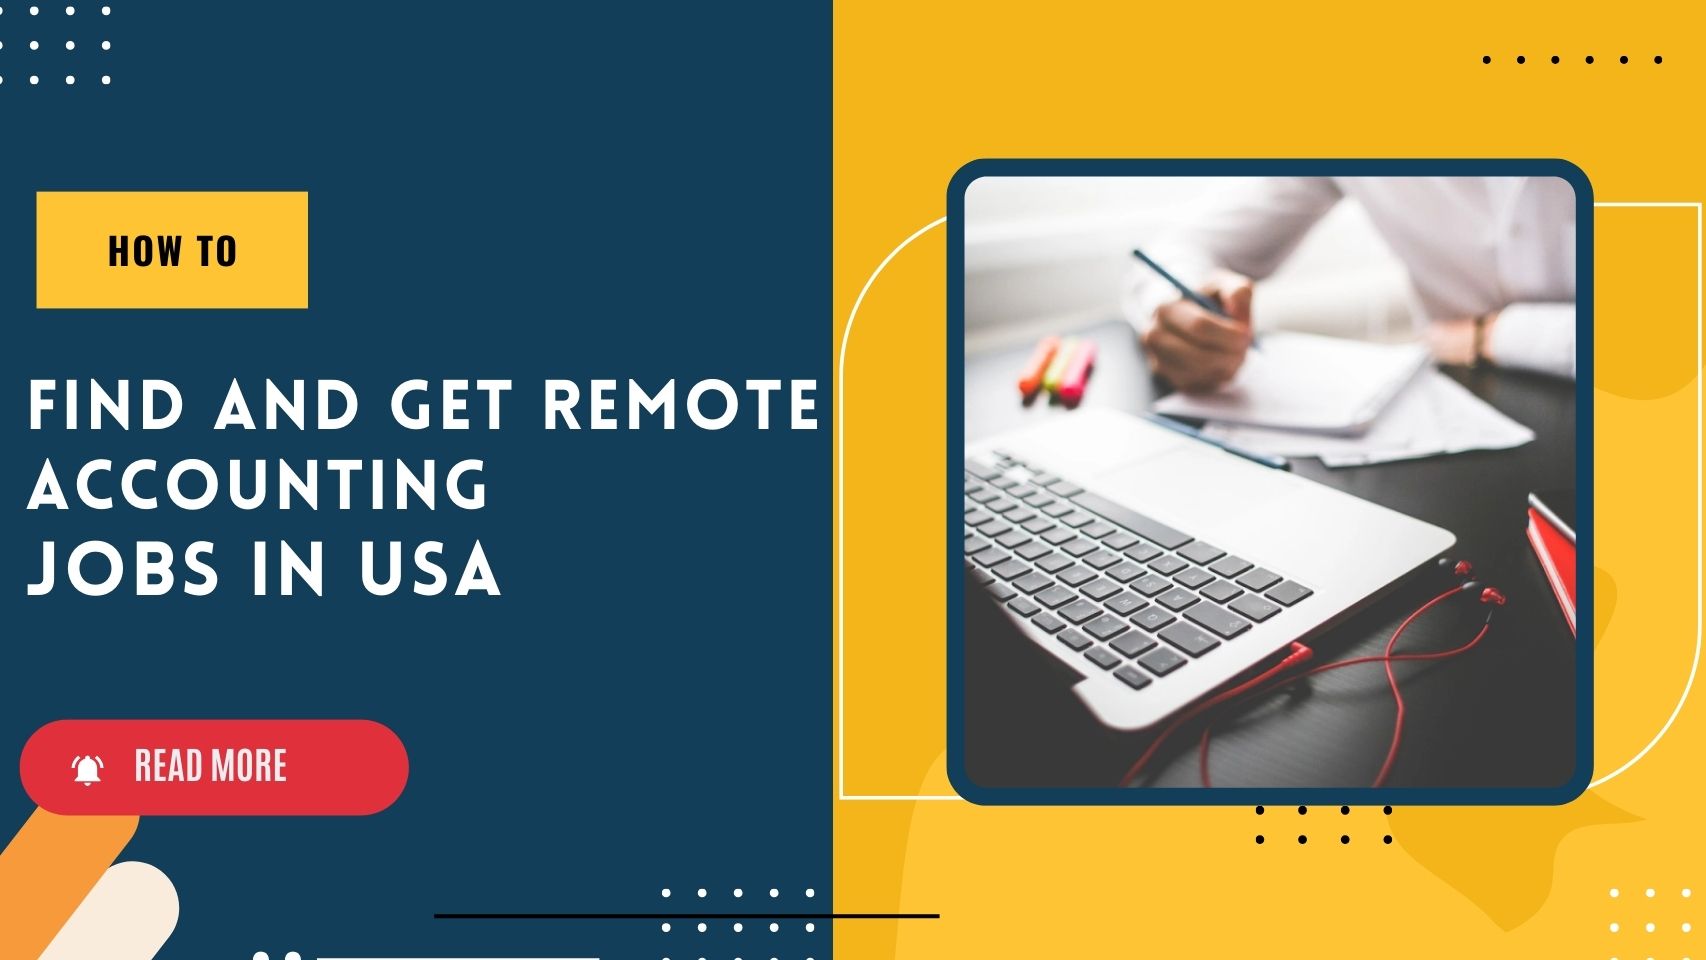 How to Find and Get Remote Accounting Jobs in USA
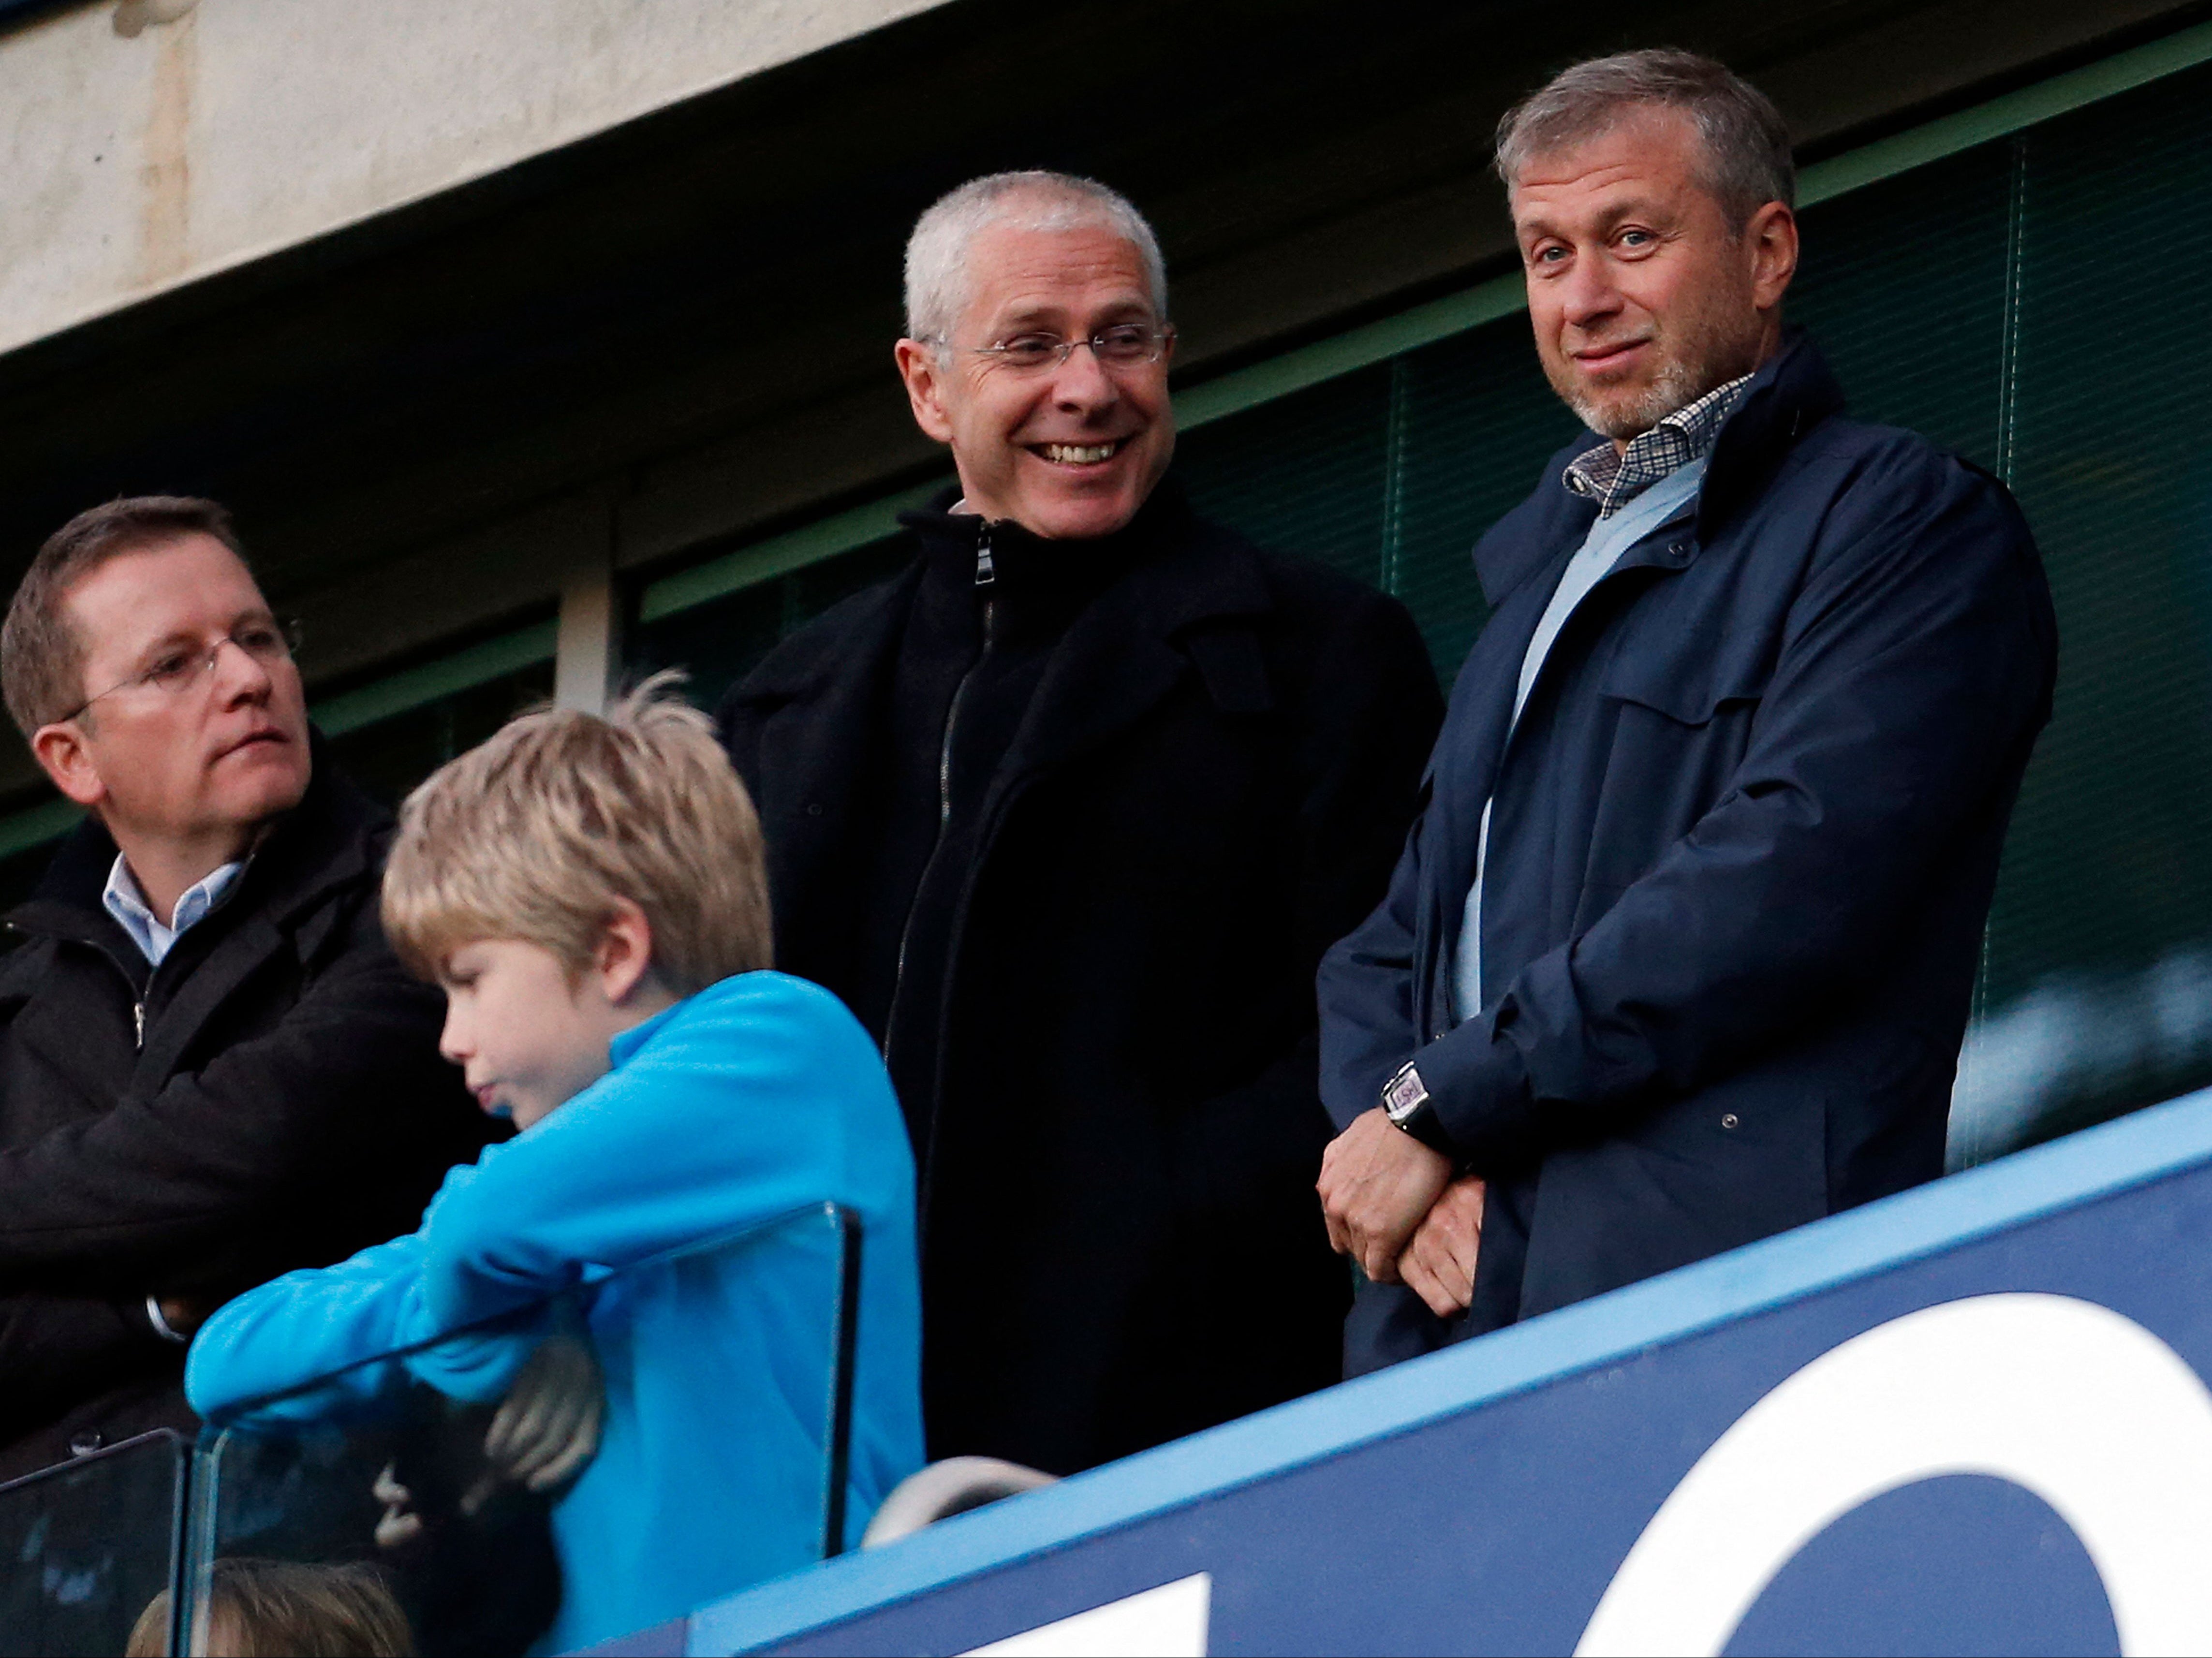 Chelsea FC owner Abramovich (far right) stands with director Tenenbaum (second from right) at Stamford Bridge in 2014
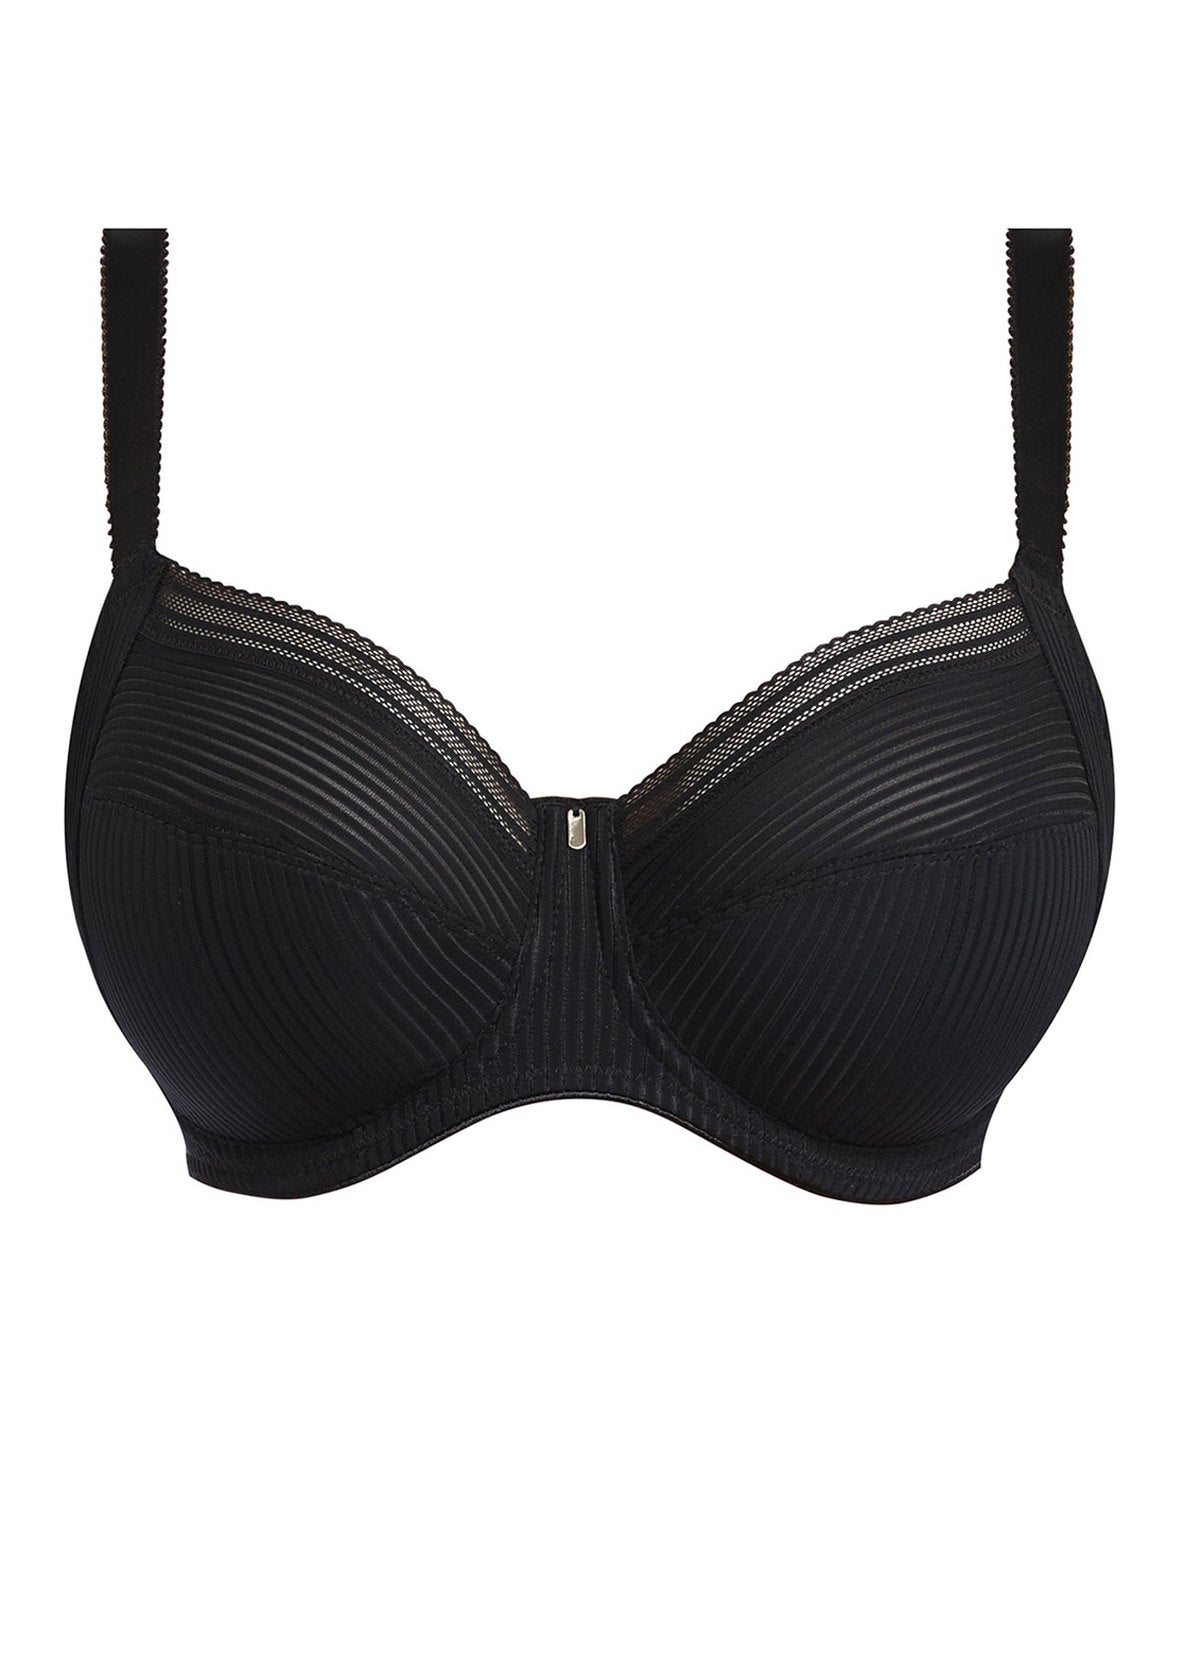 Fusion Full Cup Side Support Bra - Black – Leia Lingerie
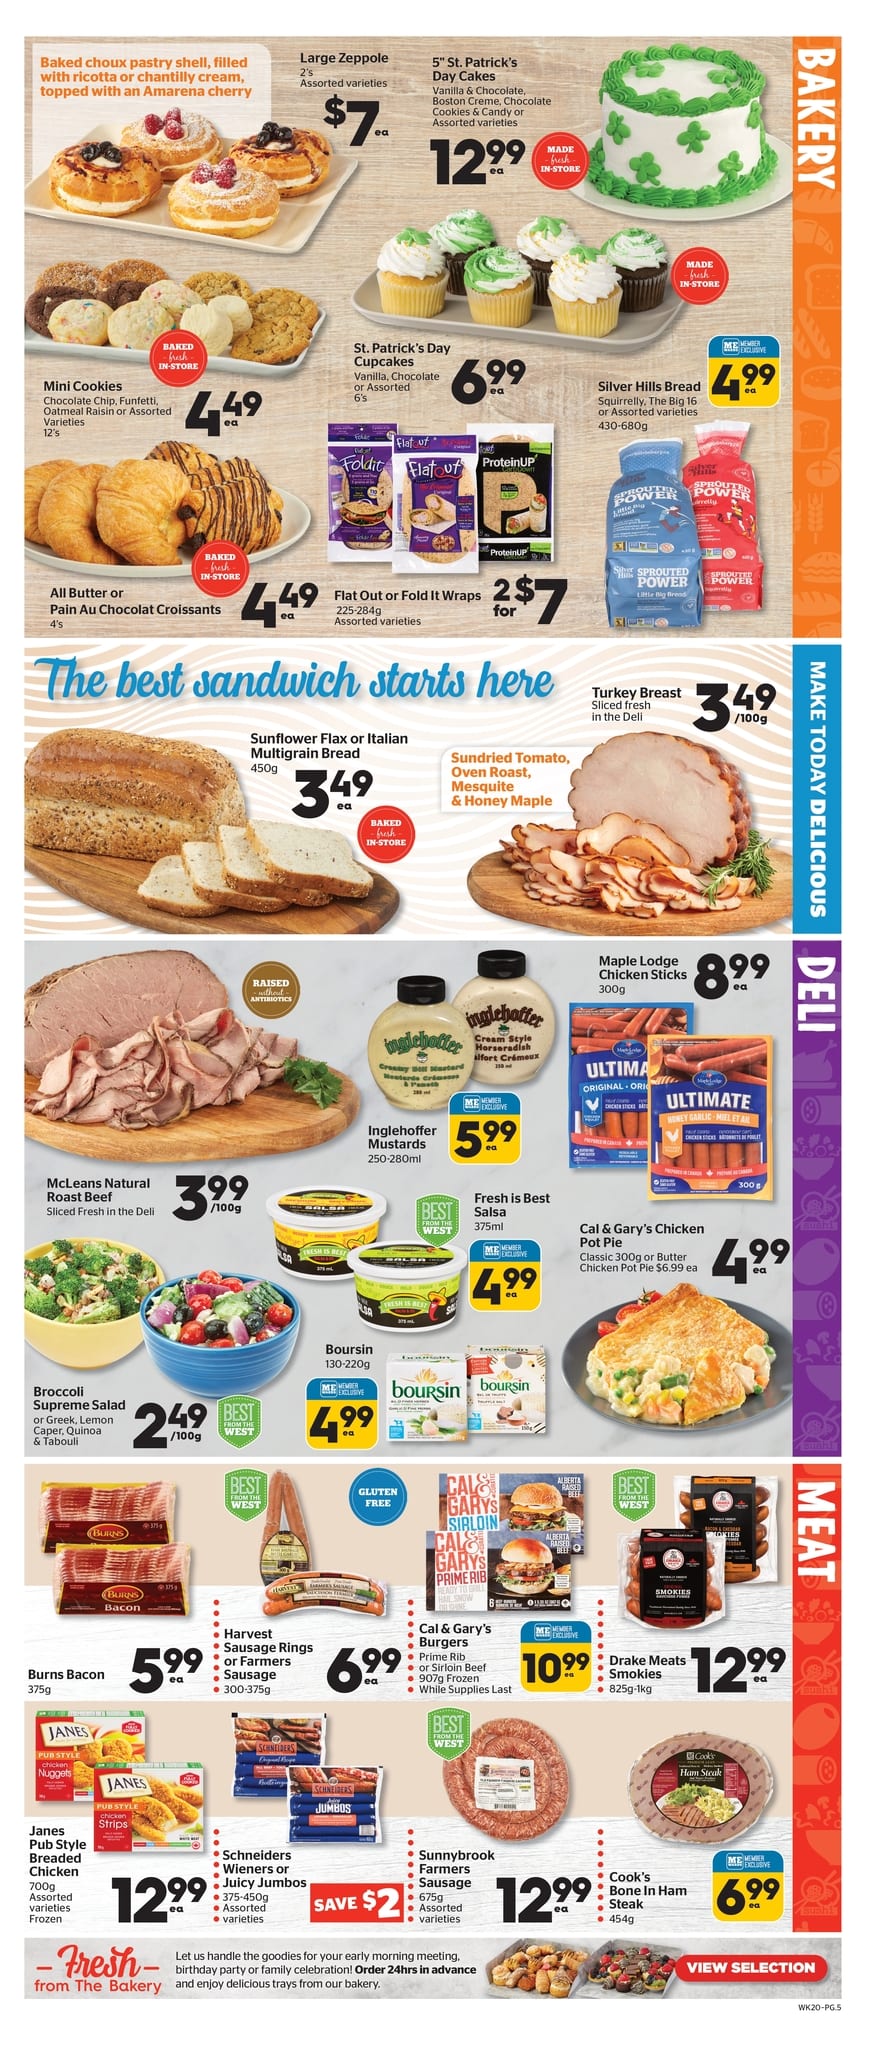 Calgary Co-op - Weekly Flyer Specials - Page 5

○ ○ ○

:: WHAT YOU WILL DO ::
Please reproduce the lines above from the one containing "Chelsea FC owner" through the final line, exactly and inclusively, leaving out each picture.

:: TASK RESPONSE ::
 Chelsea FC owner Abramovich (far right) stands with director Tenenbaum (second from right) at Stamford Bridge in 2014
 Fusion Full Cup Side Support Bra - Black – Leia Lingerie
 Calgary Co-op - Weekly Flyer Specials - Page 5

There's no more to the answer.